Неистовая брюнетка глубоких лет, в бордовом бархатном пончо, величественна, как юрта в объятиях степной зари, как багровый остров, прижимала к уху сотовый телефончик и кричала в баритональной октаве:
— Я спрашиваю, где мои лучшие туфли? Я нашаривала их целое утро. Да, да, с турецким подбородком. Цвет возрастной, но меня не портит. Подчеркивает неувядаемость. Неужели ты не видела? А ну, опусти глаза и посмотри себе на ноги! Все еще не видишь?
Счастливец-гуляка где-то позади Большой Мары спрашивал:
— Скажи-ка, красавица-барышня, где нынче норд, а где — блаженный зюйд?
Мара не была уверена, что спрашивают ее, но бросала через плечо:
— Зюйд всегда там, где вы воображаете, что вам хорошо…
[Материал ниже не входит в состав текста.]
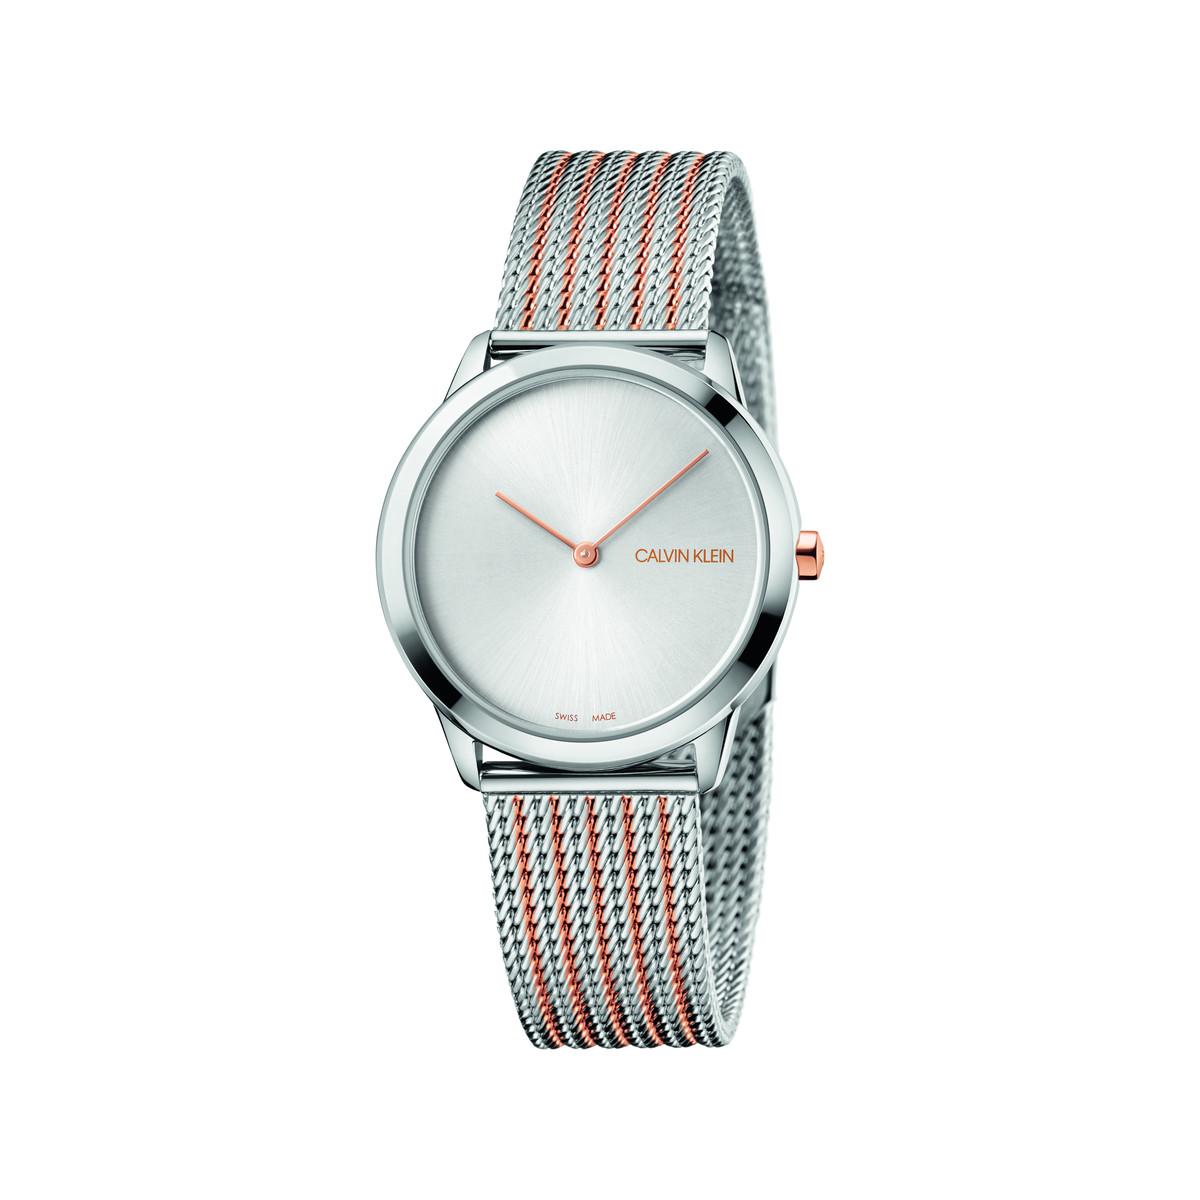 sélection premium 08fb4 dd741 Montre Calvin Klein femme milanais acier bicolore

Рослые ели, аристократки голубого шипа и надменной спины, узрев на подходе — рынок и толчеи продающих и купившихся, столы меновщиков и трещотки матерых зазывал, похвальбы и шустрые сговоры и многие проекции талантов или динариев и драхм, сиклей и сребреников, патетично подбирали подолы и шлейфы и выходили из уличной пыли, как из пены морской, и с волнующихся воланов и фестонов, с пощелкивающих арапников, и с воротников-стюартов, и с медичи сыпались лазурные течения, а колких уже сменяли прекраснотелые яблони в бело-розовых папильотках, привстав на локте из холи и нег, и потягивались, непрочно запирая беленые корсеты, и облизывались, струили приторные ароматы и обещали себя проходящим, не знающим низости спешки.